Assigned task
Retype each line of the material exactly, please, skipping any picture in it.

Given material
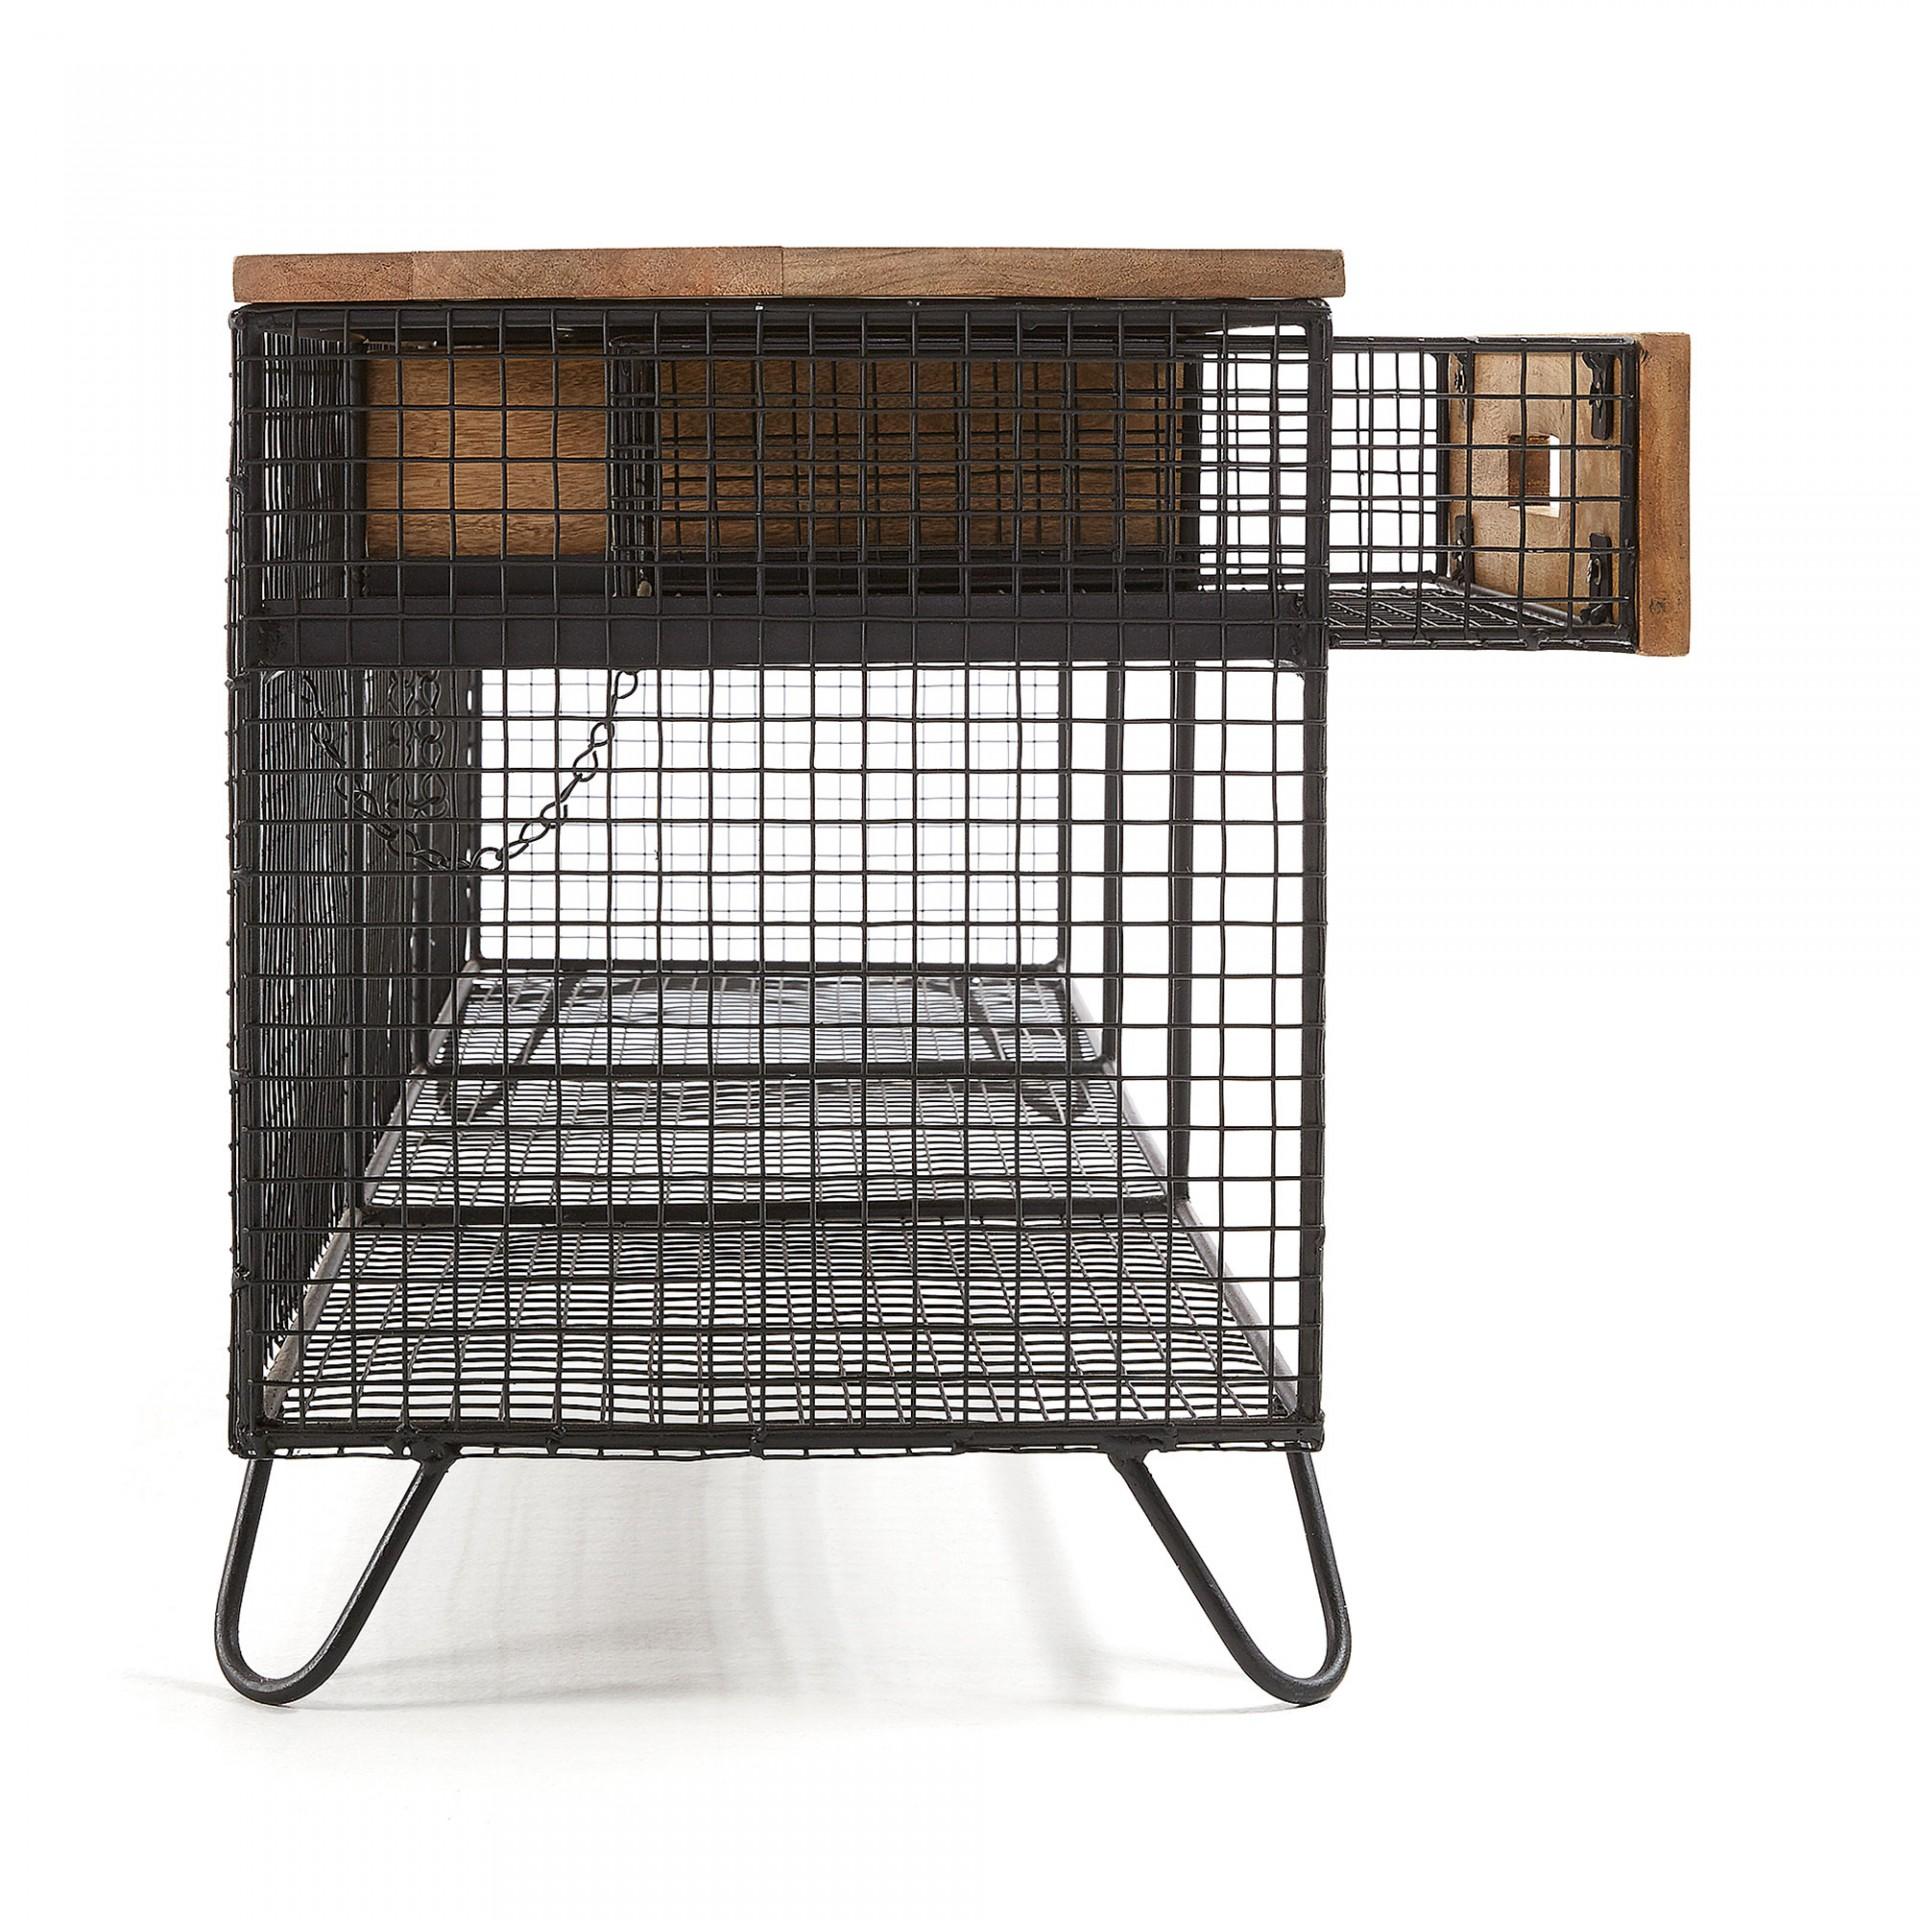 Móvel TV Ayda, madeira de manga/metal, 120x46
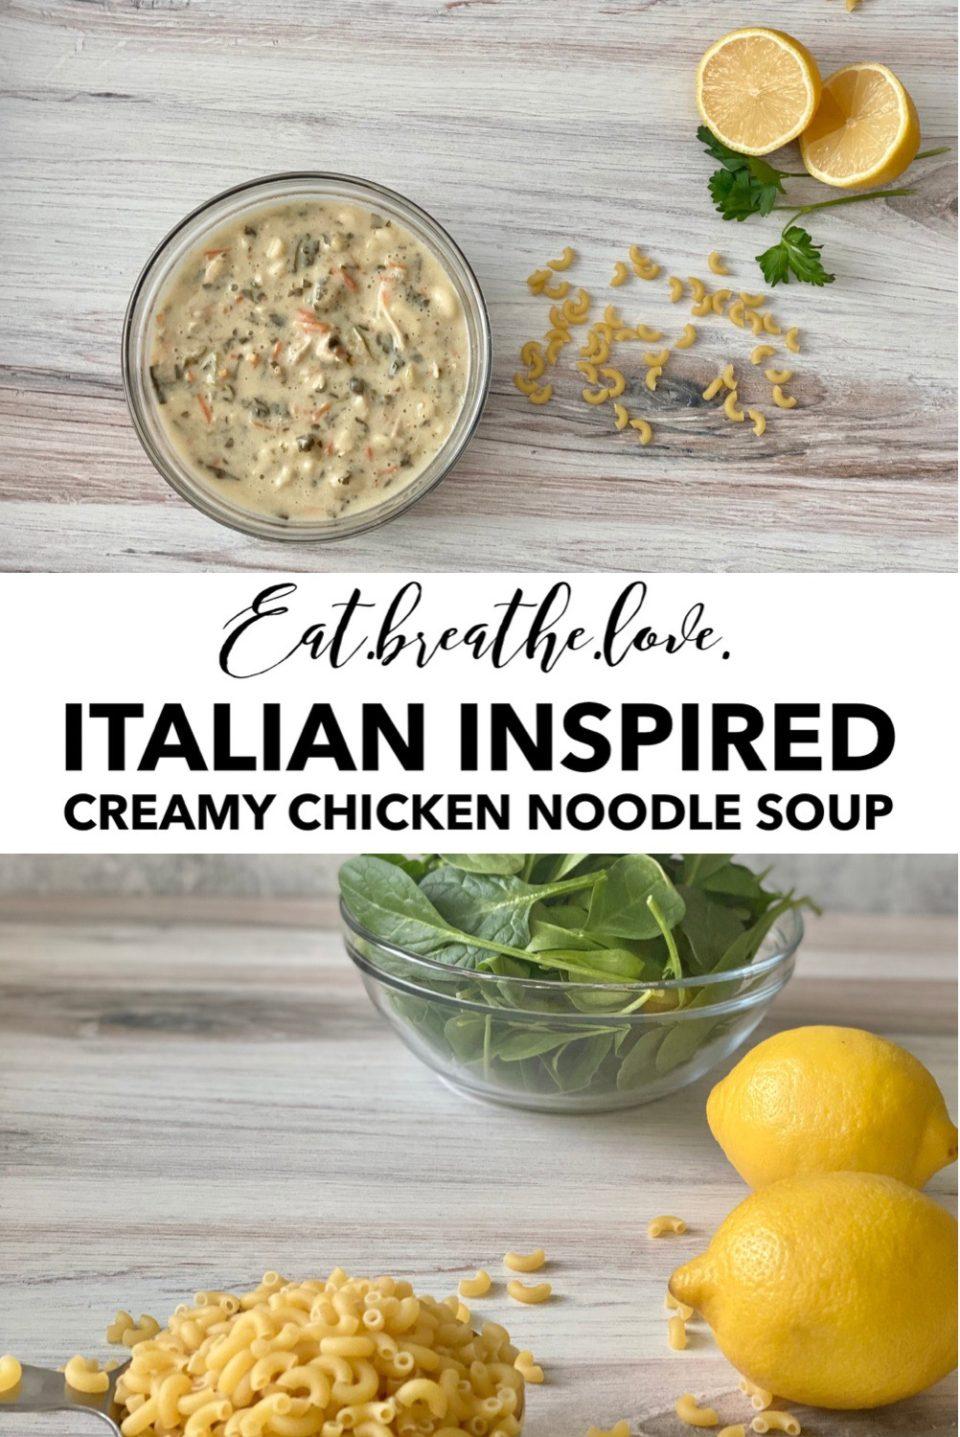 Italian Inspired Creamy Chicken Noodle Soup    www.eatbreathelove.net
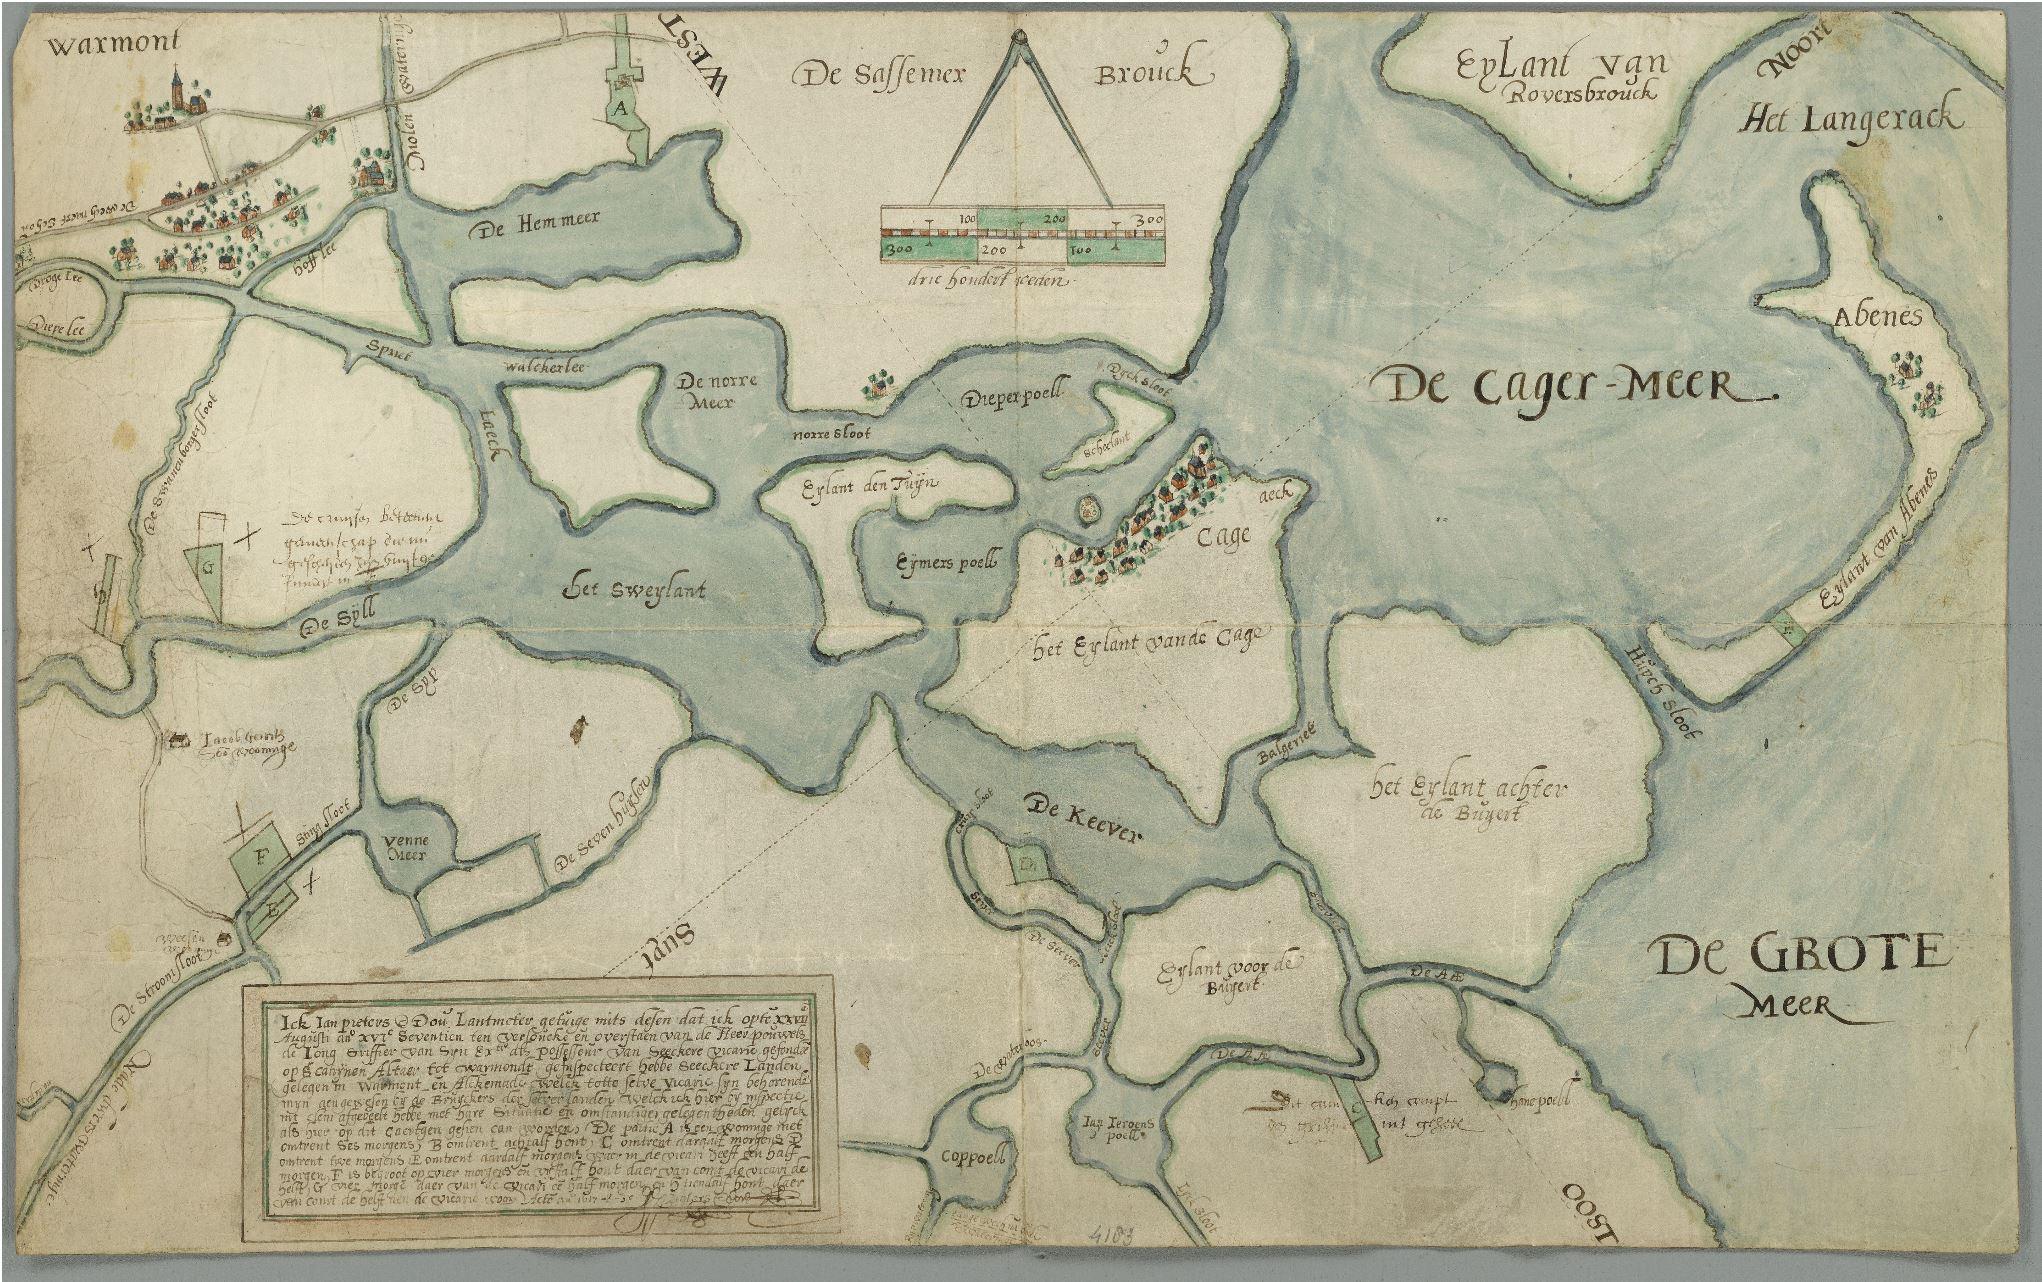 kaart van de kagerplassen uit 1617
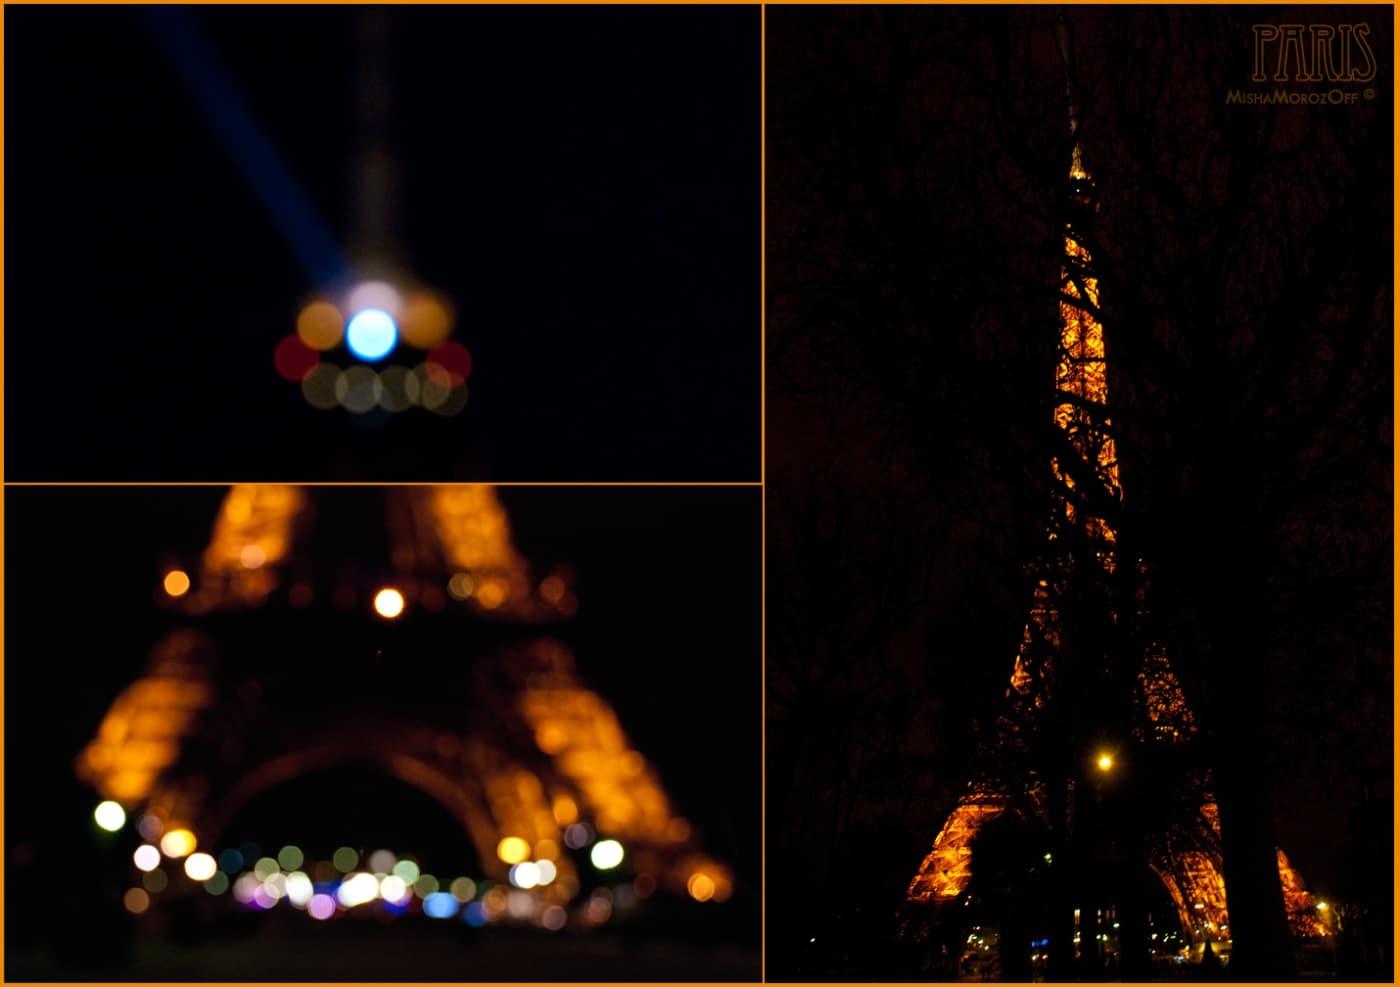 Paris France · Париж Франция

Exercise response
 Móvel TV Ayda, madeira de manga/metal, 120x46
 Italian Inspired Creamy Chicken Noodle Soup    www.eatbreathelove.net
 kaart van de kagerplassen uit 1617
 Paris France · Париж Франция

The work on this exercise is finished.